Task brief: Go through the entries below and print, exactly, the lines starting at the one with "First View of" and ending at the one with "should do还是to do", keeping both ends and no others.

Exercise materials:
——

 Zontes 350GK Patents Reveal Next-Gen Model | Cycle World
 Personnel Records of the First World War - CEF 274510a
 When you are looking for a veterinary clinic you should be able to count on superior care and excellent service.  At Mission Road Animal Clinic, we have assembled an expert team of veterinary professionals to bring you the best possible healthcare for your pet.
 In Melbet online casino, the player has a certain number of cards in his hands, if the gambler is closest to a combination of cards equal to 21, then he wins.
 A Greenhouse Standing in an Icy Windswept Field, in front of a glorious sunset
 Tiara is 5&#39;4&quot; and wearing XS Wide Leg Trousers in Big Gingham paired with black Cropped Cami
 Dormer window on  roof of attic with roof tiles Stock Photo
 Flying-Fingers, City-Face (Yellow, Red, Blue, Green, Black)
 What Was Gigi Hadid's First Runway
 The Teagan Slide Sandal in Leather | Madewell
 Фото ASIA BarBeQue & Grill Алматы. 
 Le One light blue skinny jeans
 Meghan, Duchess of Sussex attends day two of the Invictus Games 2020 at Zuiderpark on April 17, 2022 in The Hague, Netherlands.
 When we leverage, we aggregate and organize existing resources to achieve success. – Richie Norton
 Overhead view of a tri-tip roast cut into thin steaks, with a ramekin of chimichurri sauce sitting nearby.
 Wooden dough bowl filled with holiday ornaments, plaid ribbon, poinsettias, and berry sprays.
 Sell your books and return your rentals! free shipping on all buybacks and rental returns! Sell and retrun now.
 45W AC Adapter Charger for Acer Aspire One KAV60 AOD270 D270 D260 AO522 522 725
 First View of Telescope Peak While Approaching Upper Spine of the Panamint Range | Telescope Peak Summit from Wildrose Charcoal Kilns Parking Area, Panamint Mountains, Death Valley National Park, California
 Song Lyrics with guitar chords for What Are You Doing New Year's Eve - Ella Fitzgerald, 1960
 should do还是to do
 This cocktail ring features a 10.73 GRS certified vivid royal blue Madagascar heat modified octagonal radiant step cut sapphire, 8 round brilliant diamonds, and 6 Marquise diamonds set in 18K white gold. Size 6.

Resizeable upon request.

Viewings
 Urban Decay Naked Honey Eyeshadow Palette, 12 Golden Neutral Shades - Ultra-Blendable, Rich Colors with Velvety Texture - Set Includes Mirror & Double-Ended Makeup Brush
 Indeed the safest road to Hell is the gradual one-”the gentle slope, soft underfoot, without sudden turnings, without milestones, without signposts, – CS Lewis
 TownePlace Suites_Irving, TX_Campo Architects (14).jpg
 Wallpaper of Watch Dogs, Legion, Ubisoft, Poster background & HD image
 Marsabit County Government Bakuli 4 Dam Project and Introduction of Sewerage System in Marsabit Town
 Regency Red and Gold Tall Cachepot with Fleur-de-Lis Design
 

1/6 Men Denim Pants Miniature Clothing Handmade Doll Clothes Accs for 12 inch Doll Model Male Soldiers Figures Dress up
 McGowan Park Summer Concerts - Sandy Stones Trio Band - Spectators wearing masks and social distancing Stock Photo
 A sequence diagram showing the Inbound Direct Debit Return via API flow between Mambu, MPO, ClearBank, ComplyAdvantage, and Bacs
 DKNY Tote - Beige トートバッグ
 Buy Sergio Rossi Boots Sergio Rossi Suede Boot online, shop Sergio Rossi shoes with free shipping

——

Written answer:
 First View of Telescope Peak While Approaching Upper Spine of the Panamint Range | Telescope Peak Summit from Wildrose Charcoal Kilns Parking Area, Panamint Mountains, Death Valley National Park, California
 Song Lyrics with guitar chords for What Are You Doing New Year's Eve - Ella Fitzgerald, 1960
 should do还是to do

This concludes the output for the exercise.